As mentioned in our paper's introduction, we observed the effects and final outcomes of the optimization process using pure 3D and 2D priors. We believe that the need for 3D and 2D priors varies at different timesteps during representation optimization. Hence, in the early optimization stages, where structural guidance is more crucial, we use pure 3D priors to ensure the 3D assets acquire correct geometric information (effectively resolving the multi-head issue). Following this, we employ a pretrained image-text model to assess if the structure is sufficiently optimized. Once stability in the assessment indicators is achieved, we gradually increase the 2D priors that offer high-resolution detail textures, thereby providing the most needed information at each optimization step.
Q2: In Equation 3, we used weight proportions for different components referencing the default ratios in the stable-dreamfusion framework (λ_rgb=1000, λ_mask=500, λ_depth=10). We also supplemented our paper with experimental results showing different orders of magnitude in parameter swapping and scenarios without using depth priors for reconstruction (λ_rgb=1000, λ_mask=500, λ_depth=0; λ_rgb=10, λ_mask=1000, λ_depth=500; λ_rgb=500, λ_mask=10, λ_depth=1000).

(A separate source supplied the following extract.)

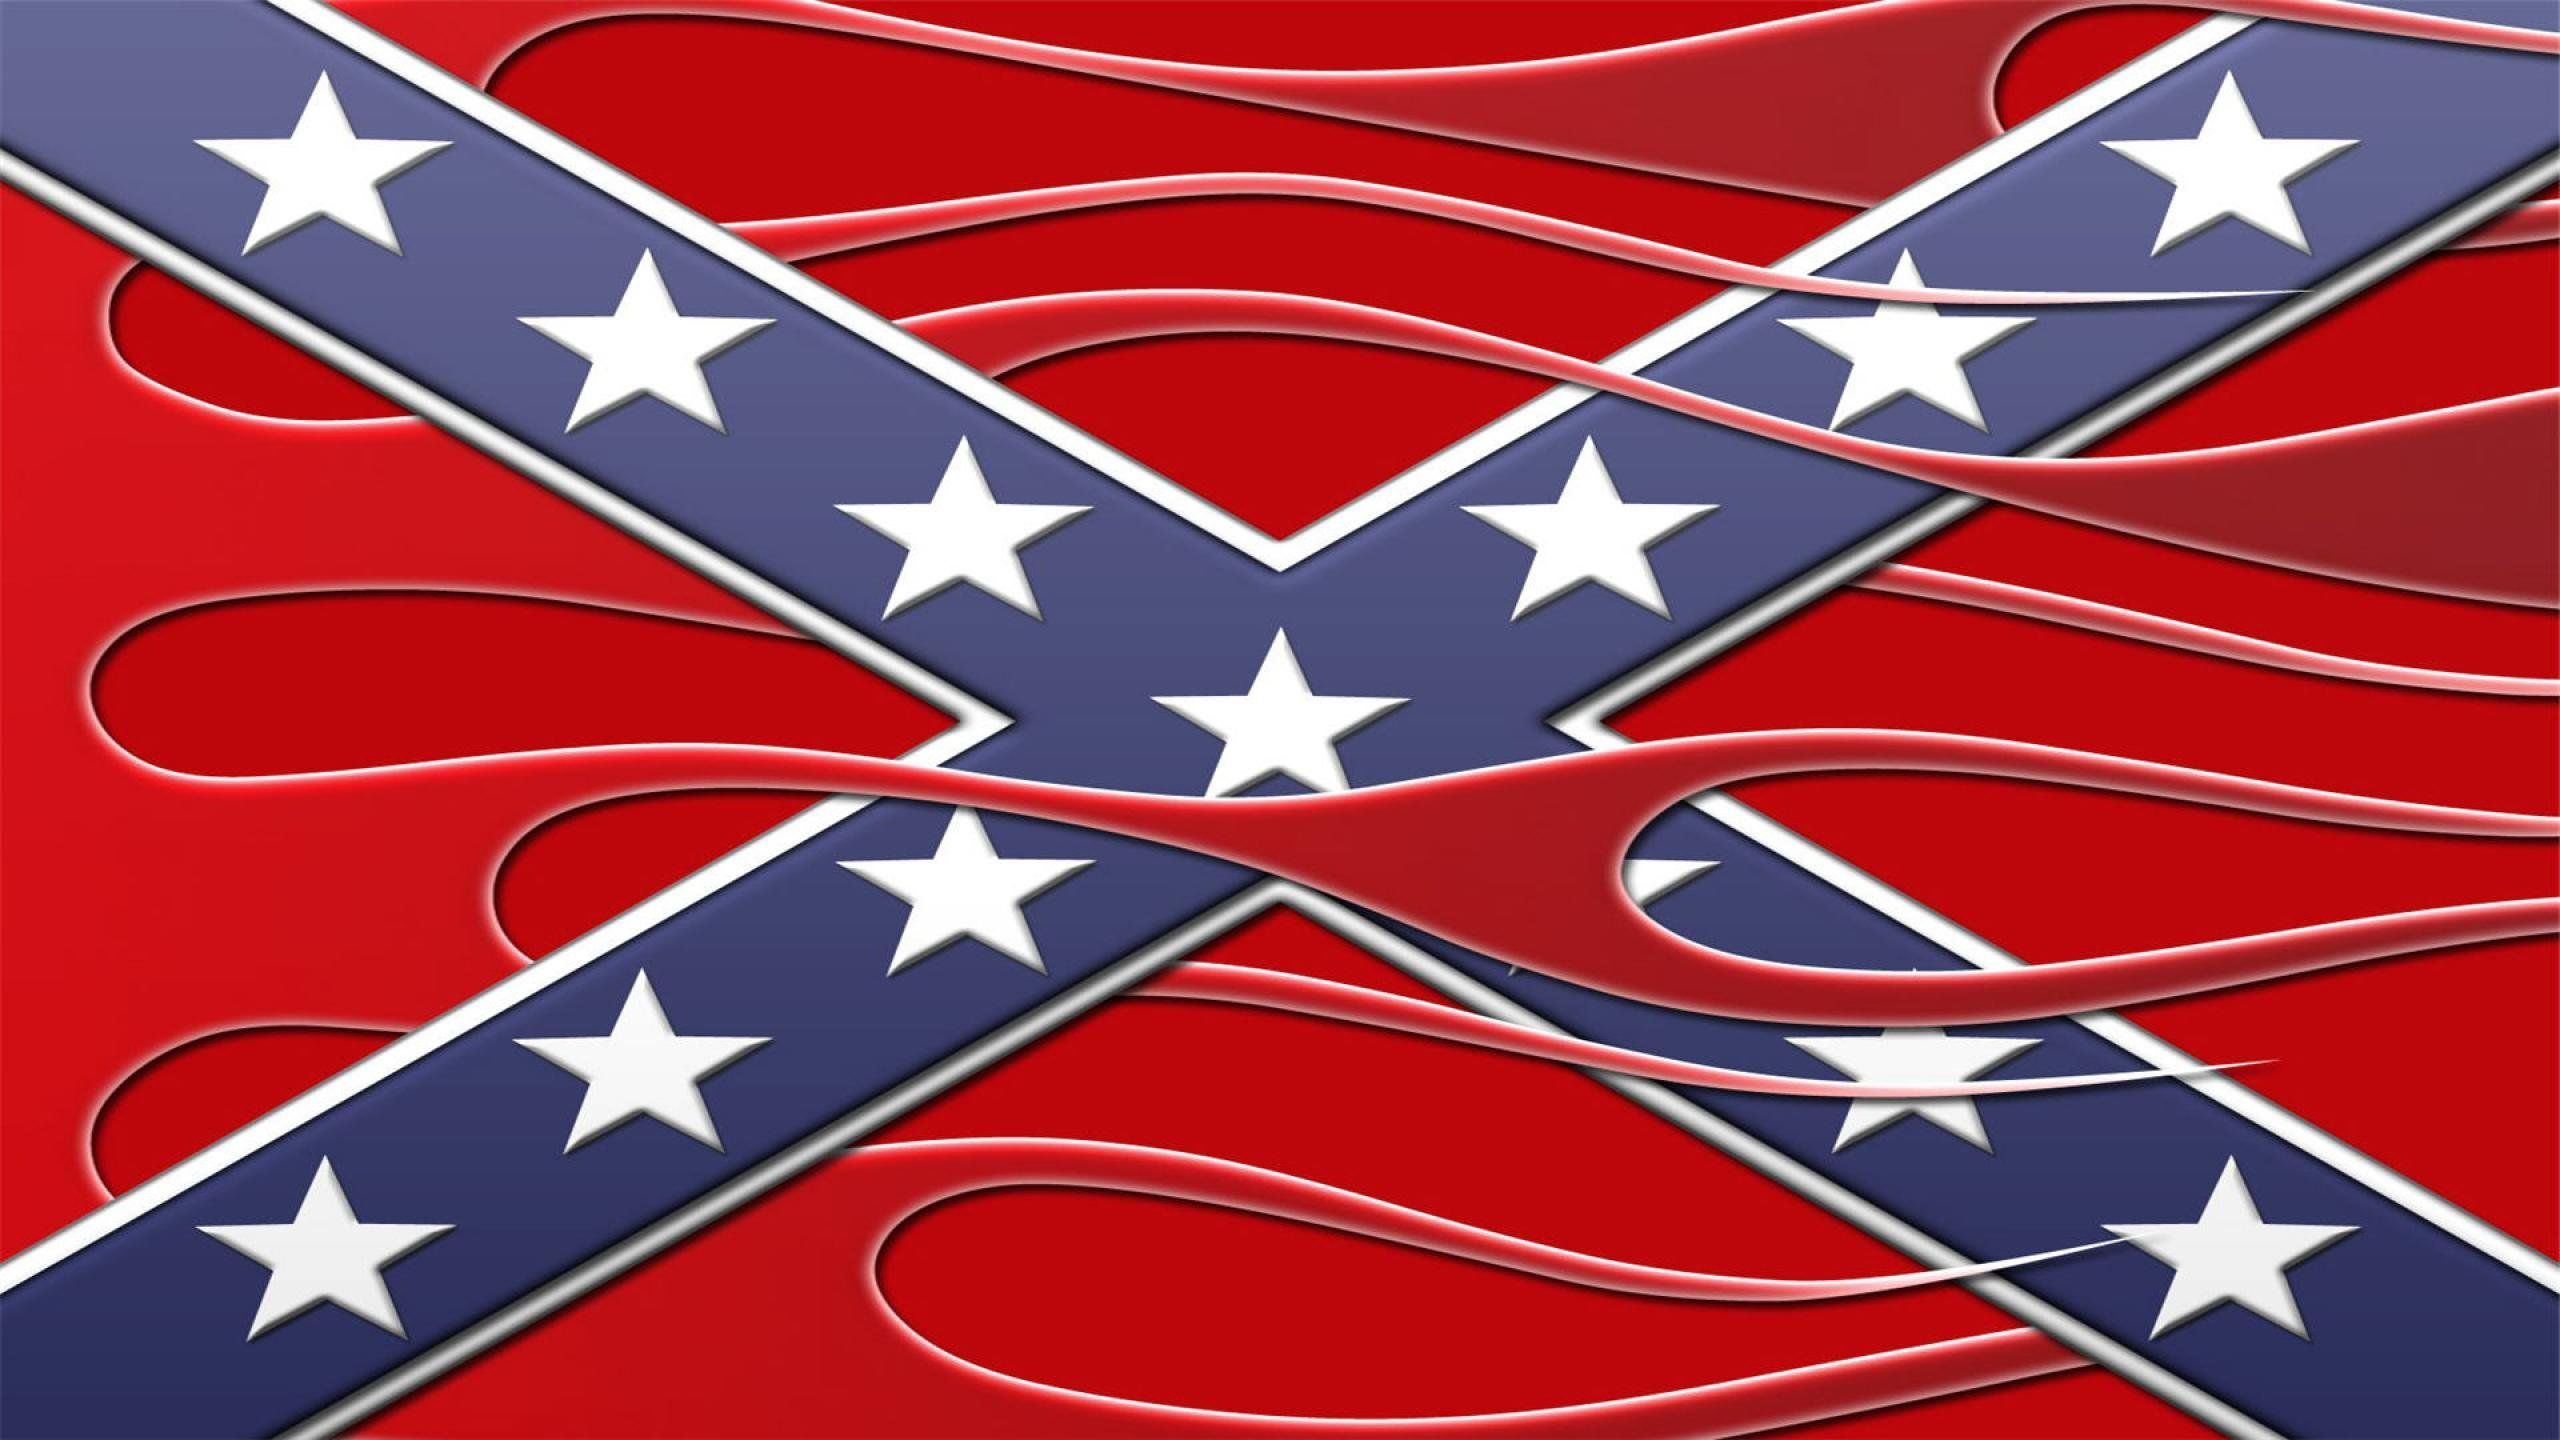 CONFEDERATE flag usa america united states csa civil war rebel

| Configuration | CLIP-similarity | PSNR | LPIPS |
|---|---|---|---|
| Default: 1000, 500, 10 | 0.844 | 25.682 | 0.056 |
| No Depth: 1000, 500, 0 | 0.812 | 25.097 | 0.069 |
| 10, 1000, 500 | 0.763 | 18.597 | 0.174 |
| 500, 10, 1000 | 0.701 | 16.961 | 0.206 |
| 800, 600, 400 | 0.795 | 23.288 | 0.085 |
We used the same depth estimator as the stable-dreamfusion framework. EPFL-VILAB Omnidata GitHub Repository This tool is also integrated into stable_dreamfusion/preprocess_image.py.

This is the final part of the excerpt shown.